Study burden and risks
Zie de flowcharts of the protocol version 20Mar2012 page 41 t/m 48.
Summary of procedures:
7x Chest Radiograph
3x ECG
4x Pregnancy test
3x Radiograph (spine)
25x Vital signs
17x Physical exam
19x Clinical laboratory tests
17x Questionnaires (number of visits in the complete study where the patients
needs to complete questionnaires)
Side effects Apremilast:
As of 31 March 2012, Apremilast has been given to about 4471 subjects. The
most frequent risks, discomforts and side effects in subjects that have taken
apremilast: headache, stuffiness or infections of the nose and throat (upper
respiratory tract infections), feeling tired, stomach pain or discomfort,
nausea, vomiting and diarrhea. Most of these side effects were mild to moderate
in intensity. They stopped with continued treatment or shortly after the study
drug was stopped. Similar side effects have been observed in studies that are
running now.
Because apremilast also blocks some factors in the body that fight infections,
it is possible you could more easily get infections.

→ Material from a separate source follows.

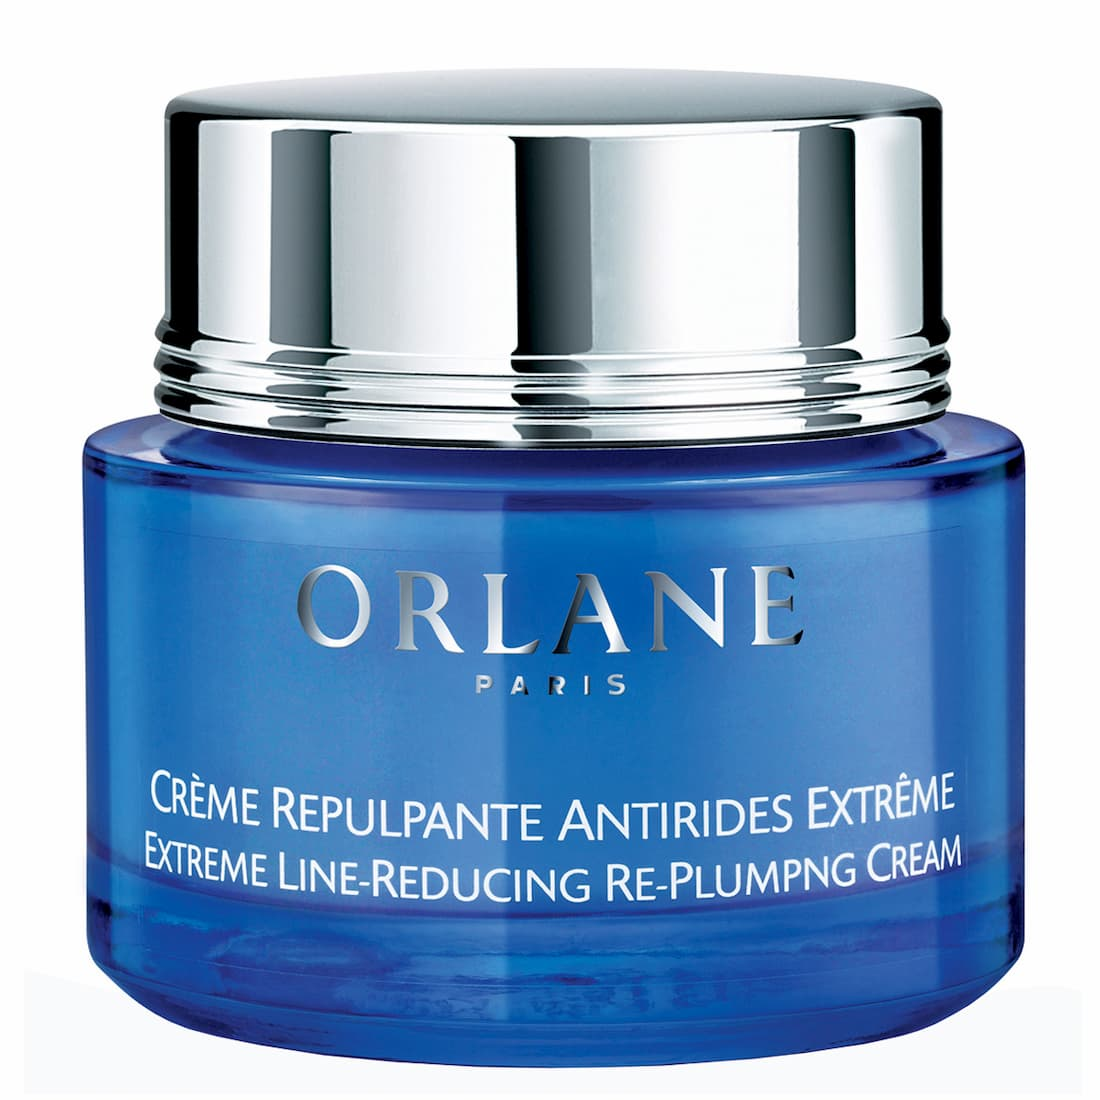 Orlane - Crème Repulpante Antirides Extrême - Pot 50 ml

It is possible that the condition for which you are being treated may worsen
during the study.
The risks of blood sampling are: fainting, bleeding, bruising, discomfort,
dizziness, infection and/or pain at the point of puncture site.
The risks of X-rays are: during X-ray assessments high energy of the radiation
may possibly damage a very small amount of your body's cells. The risk of
getting cancer from x-rays is very small. With 300 medical x-rays in a year,
it would increase the chances of getting cancer by only 1%.
The risks of pregnancy: the risks to an unborn child (fetus) or nursing child
from apremilast are not known at this time. Women should not become pregnant or
lactating during the study participation due to the potential risk to an unborn
child. The partner should not become pregnant during your study participation.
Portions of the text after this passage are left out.